Different researchers classify Alzheimer's Disease using vastly different stages.  Alzheimer's Disease has a genetic component that becomes active in some people and dormant in others. Alzheimer’s creates an environment that promotes brain changes in those affected.  Lastly, amyloid plaque is the brain’s protective response to vastly different lifestyle insults.

Alzheimer’s Disease is an imbalance of multiple systems within the body. 

People with Alzheimer’s disease usually have more than one type and present multiple risk factors.

One of the things I like most about breaking Alzheimer’s into types is once you know where you stand, it is easy to begin to resolve. Dr. Bredesen’s books provide many examples from his patients.  

 Also, please keep in mind that in the descriptions below, I am cutting and pasting most of the information.  I do not want to risk misinterpreting any of Dr. Bredesen’s research and misinforming you. 

Type 1

Type 1’s primary characteristic is inflammation.  It tends to run in families as it is common in people who carry one or two ApoE4 alleles (ApoE in itself is considered an inflammatory gene). Individuals begin to lose the ability to store new information in the hippocampus – for individuals who carry two copies of ApoE4 this tends to start in the late fifties or early sixties. For those with no copies of ApoE4, symptoms present typically in the sixties or seventies. A reduced hippocampal volume – chronic inflammation encourages the brain to destroy synapses faster than it creates them.


Biochemical Markers of Type 1

  • An increase in C-reactive protein (CRP), which is made by the liver in response to inflammation.
  • A decrease in the ratio of albumin to globulin.
  • An increase in interleukin-6.
  • An increase in tumor necrosis factor.
  • Additional metabolic and hormonal abnormalities such as insulin resistance

 Type 2

Type 2’s primary characteristic is low levels of nutrients, hormone factors, and/or trophic factors.  Type 2 also occurs more frequently in those who carry one or two copies of the ApoE4 allele, but the symptoms tend to initiate about a decade later than the inflammatory Type 1. Individuals begin to lose the ability to form new memories in the hippocampus. However, there is little to no evidence of inflammation – sometimes inflammatory markers may be lower than normal.

Biochemical Markers of Type 2

Levels of hormones such as thyroid, adrenal, estrogen, progesterone, testosterone, and pregnenolone tend to be suboptimal. The optimal hormone ranges are:

  • TSH: less than 2.0 mIU/L
  • Free T3: 3.2-4.2 pg/mL
  • Free T4: 1.3-1.8 ng/dL
  • Reverse T3: less than 20 ng/dL
  • AM Cortisol: 10-18 mcg/dL
  • Pregnenolone: 100-250 ng/dL
  • Estradiol: 50– 250 pg/ mL (women, age-dependent)
  • Progesterone: 1-20 ng/mL (women, age-dependent)
  • Testosterone: 500-1,000 ng/dL (men) 25-70 ng/dL (women)

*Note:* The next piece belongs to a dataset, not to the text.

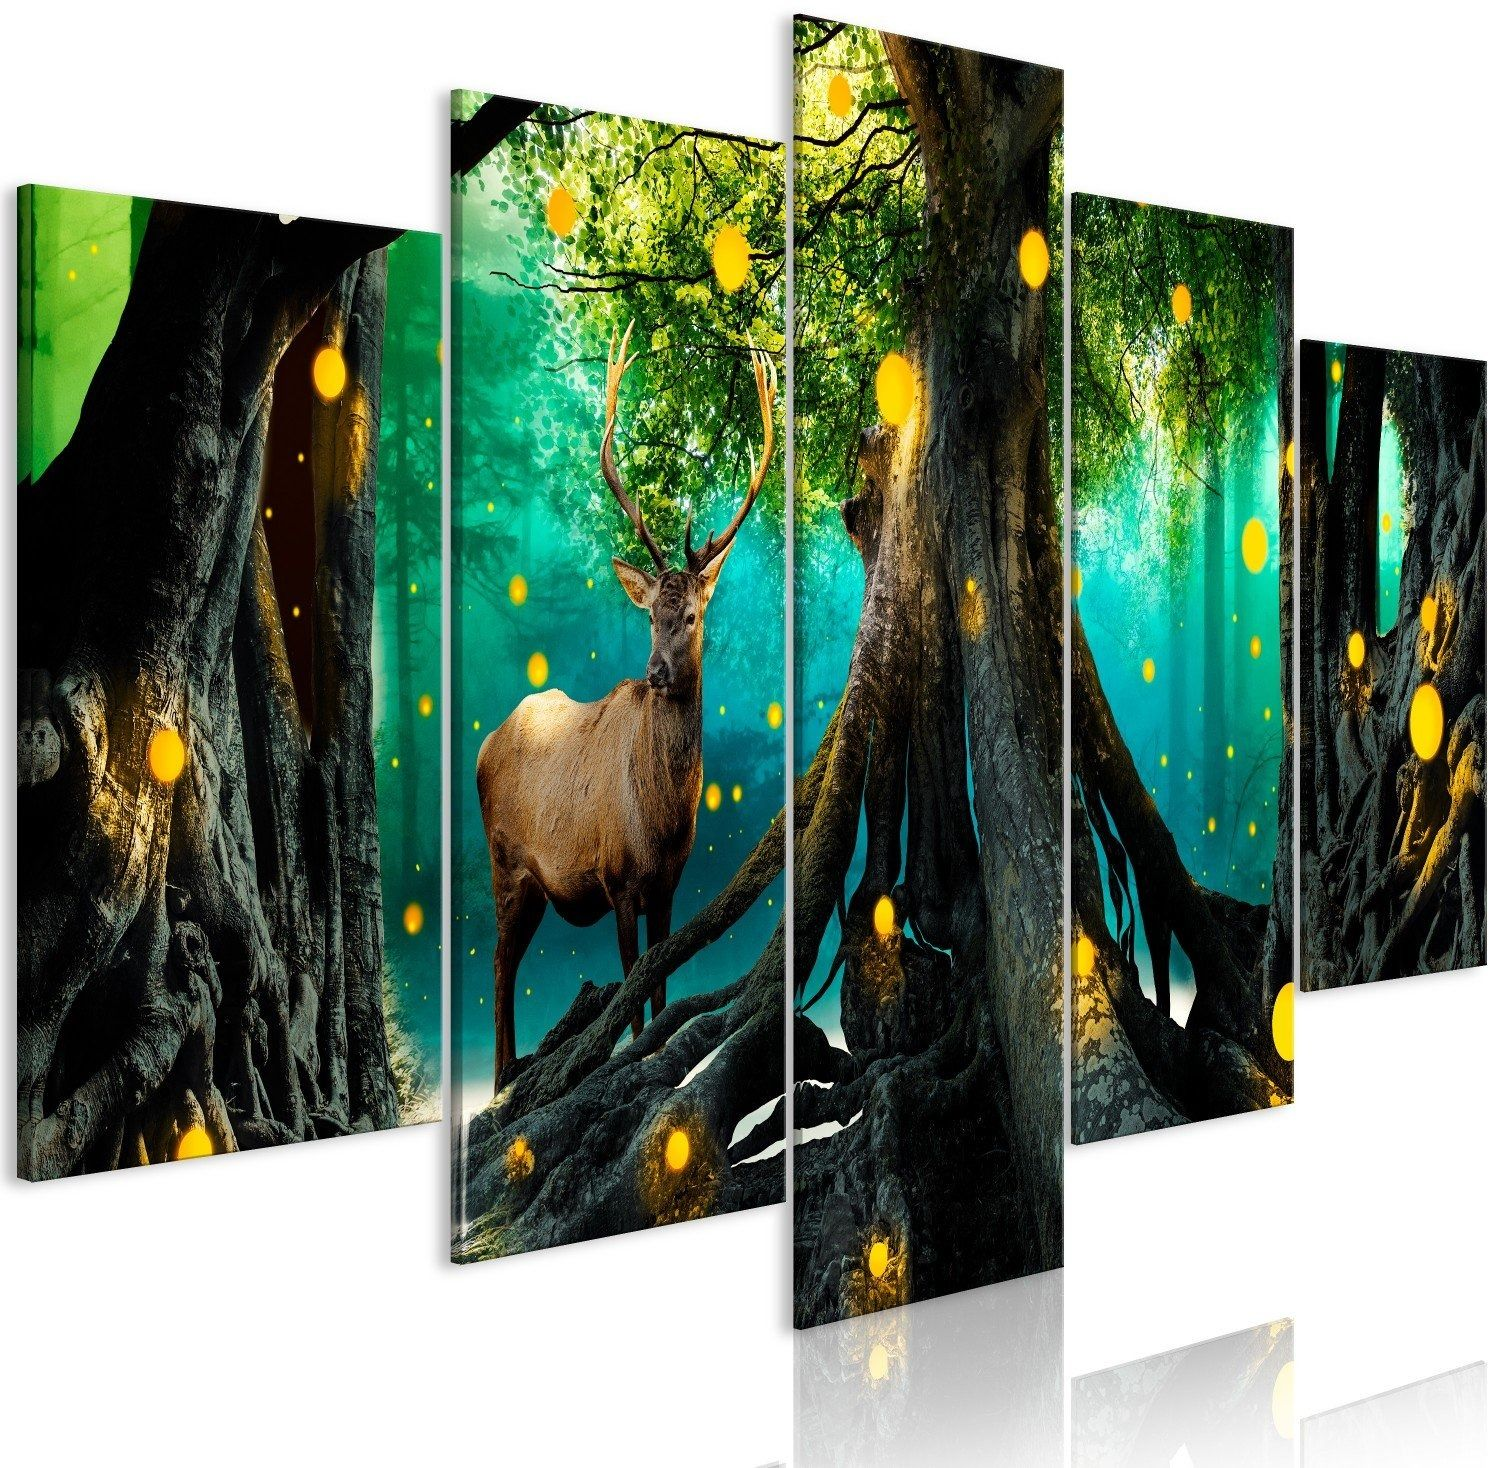 Obraz - zaklęty las (5-częściowy) szeroki

A decrease in serum Vitamin D levels. Normal Vitamin D levels should be 50-80 ng/mL.

An increase in homocysteine levels can occur. Normal homocysteine levels should be less than or equal to 7 μmol/ L (homocysteine is also seen to increase in Type 1)

Insulin resistance can occur OR insulin levels may be too low.

Type 1.5

Type 1.5’s primary characteristic is insulin resistance (diabetes). Type 1 and Type 2 Alzheimer’s Disease can occur together – often seen with neural inflammation in addition to the reduced support for brain synapses. A commonly seen combination of type 1 and type 2 AD is known as Type 1.5 or glycotoxic Alzheimer’s Disease.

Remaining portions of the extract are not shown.